Diagnosis-based mortality prediction for intensive care unit patients via transfer learning
Mengqi Xu, Subha Maity, Joel Dubin
TL;DR
This study tackles the challenge of predicting ICU mortality across diagnostically heterogeneous patient groups. It introduces a two-step transfer learning framework for both GLM and XGBoost that leverages data-rich diagnoses to improve diagnosis-specific models, with per-diagnosis recalibration. Results show transfer learning consistently improves calibration and often discrimination over diagnosis-specific models and APACHE IVa baselines, while Youden-index thresholds provide better decision performance in low-prevalence settings.
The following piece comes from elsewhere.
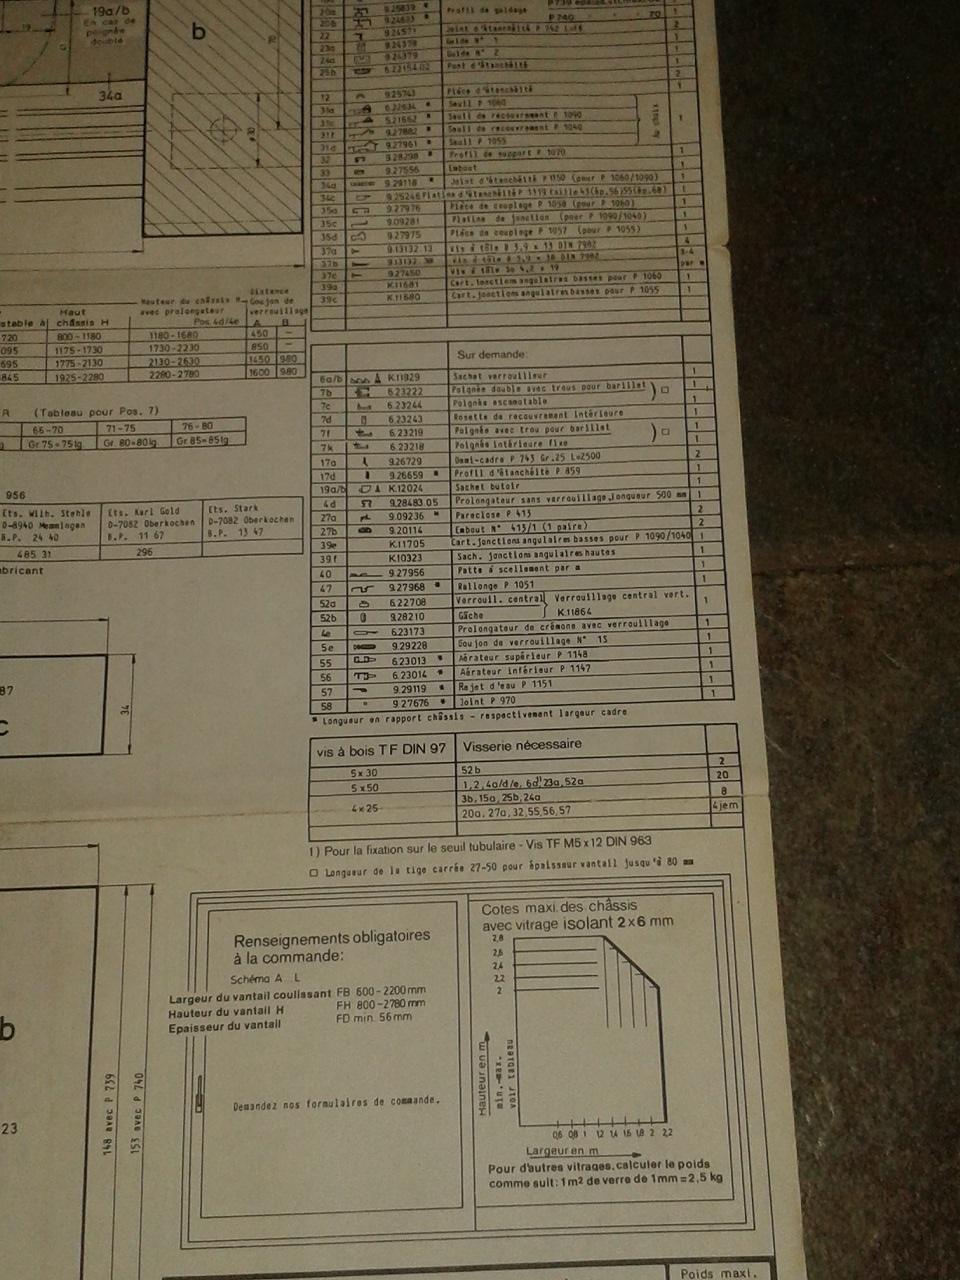 Fenêtres coulissantes - Page 2 B1yo4t_20140507_234438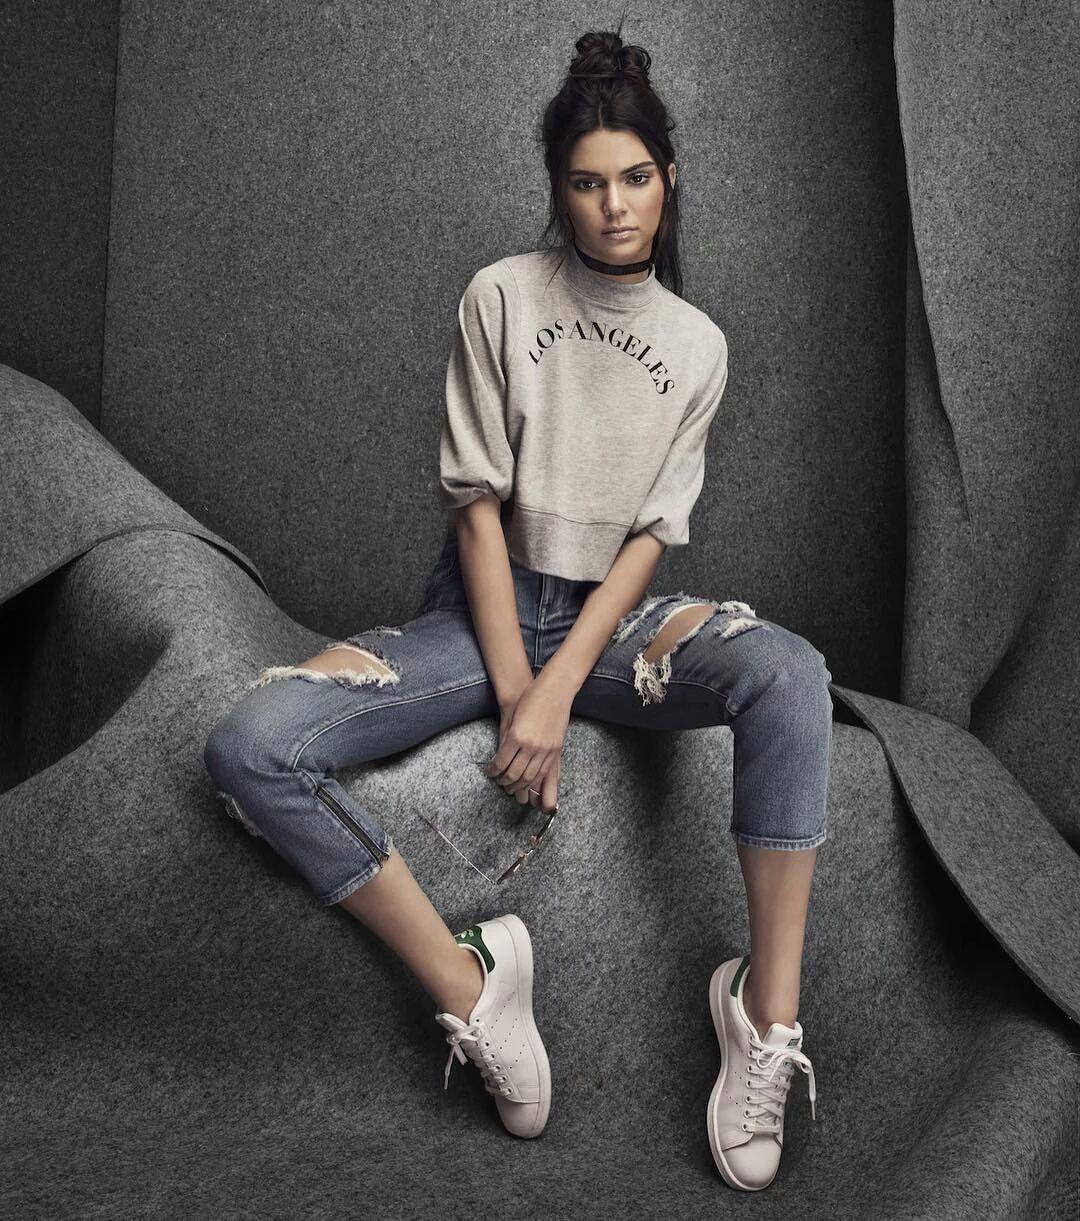 online store 59eda cb756 Pinterest  wildwavezzz Hipster Grunge, Kendall Jenner Clothes, Kendall  Jenner Modeling, Kendall Jenner

The approach demonstrates robust, threshold-agnostic gains across diagnoses and offers practical potential for improved ICU risk stratification and decision support, with simulated evidence supporting when gains are most likely to occur.
Abstract
In the intensive care unit, the underlying causes of critical illness vary substantially across diagnoses, yet prediction models accounting for diagnostic heterogeneity have not been systematically studied. To address the gap, we evaluate transfer learning approaches for diagnosis-specific mortality prediction and apply both GLM- and XGBoost-based models to the eICU Collaborative Research Database. Our results demonstrate that transfer learning consistently outperforms models trained only on diagnosis-specific data and those using a well-known ICU severity-of-illness score, i.e., APACHE IVa, alone, while also achieving better calibration than models trained on the pooled data. Our findings also suggest that the Youden cutoff is a more appropriate decision threshold than the conventional 0.5 for binary outcomes, and that transfer learning maintains consistently high predictive performance across various cutoff criteria.